Interview: Sherif Wadood
How would you describe the impact of mobile phone technology on media?
SHERIF WADOOD: Mobile technologies caught media organisations off guard, and not only in the Arab world. It took a while until their vast capabilities and ways of commercialising these became apparent to publishers. The younger the organisation, the better it managed to integrate mobile technologies in its publishing cycle.
Today they are the most important part of Al Masry’s digital strategy. Local political events have generated an impressive spike in consumption in Egypt. Soon mobile phones and tablets will exceed laptops in terms of news access. We should be ready for that, not only by delivering our content but by receiving content and feedback from our readers. We are training our journalist on how to produce content specifically for mobiles. Some organisations already have a dedicated mobile editor-in-chief and another for tablet applications. Citizens are everywhere and can cover what we cannot, so we build models for collaboration between the professional journalist and the citizen journalist to ensure the same quality of reporting.
Can the increased demand for news be sustained and how can it be monetised?
WADOOD: Local content makes our media products unique. We offer our readers the news that relates to their daily life and society. We believe local content is the future and are moving to hyper-local content on our different publications and mobile phone apps. Monetisation is a challenge, yet there are solutions through targeted products. In Egypt we still have a long way to go to reach an acceptable level of monetising local content. The key may be in mobile applications.
How competitive has the media market become?
WADOOD: New and independent media outlets generally enrich the media industry. Competition should lead to better quality, impact, reach and innovation, however this is not the case in Egypt. We lack a regulatory framework and the ambition to reach beyond our borders. Egyptian media has lost the lead in many areas during the past 10 years, due to a lack of funding and state dominance. As a result, Egyptians get the news and entertainment from non-Egyptian TV channels.
The situation is much better with digital media as the investment needed to develop digital media outlets is less than what is needed to create a TV channel or newspaper. The quality of Egyptian websites is improving and there are many innovative new ideas.

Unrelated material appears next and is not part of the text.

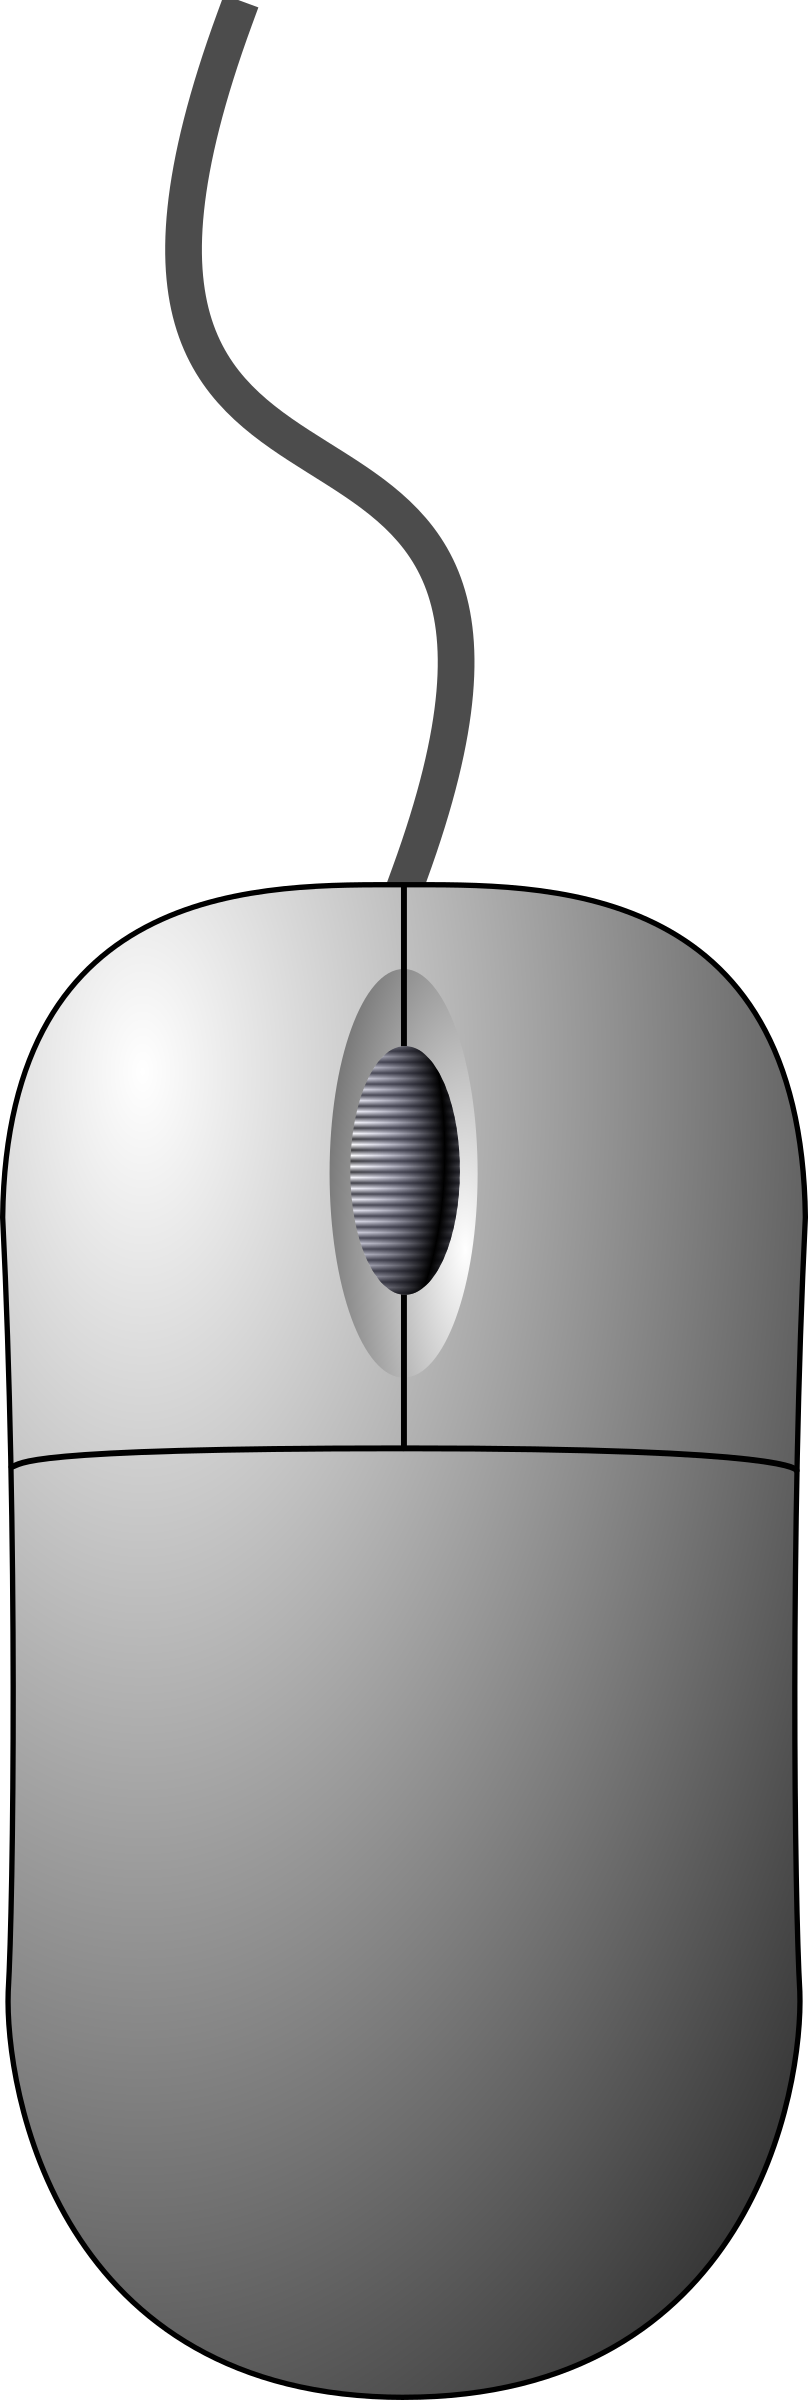 Big Image - Computer Mouse Clip Art (808x2400)

To what extent has domestic press freedom been affected since the revolution?
WADOOD: Egyptian press has been always in a better position regarding its freedom compared to press in most Arab countries. There is a long history of struggle between the press and authorities. Since the revolution, nothing has been done to guarantee freedom or access to information. There have been attacks on the media when the coverage does not agree with authorities, such as bloggers being arrested. The public became very much politically engaged and hypersensitive to views or news which do not follow their political orientation. In the future we expect a new regulatory body to guarantee freedom of expression and access to information. Press freedom is the best way to put the Egyptian media on the top again and increase its impact. It should be protected by law and constitution to avoid the interference of authorities.
How reliable are circulation and distribution figures?
WADOOD: The distribution of all publications, whether public or private, was until recently monopolised by state organisations. They used to inflate their circulation figures by three- to four-fold to attract advertisers. There was no independent auditor. The result was that every organisation kept its figures secret so as not to stand at a disadvantage in drawing in advertisers. There is an urgent need for an independent organisation to conduct audits and announce the true figures.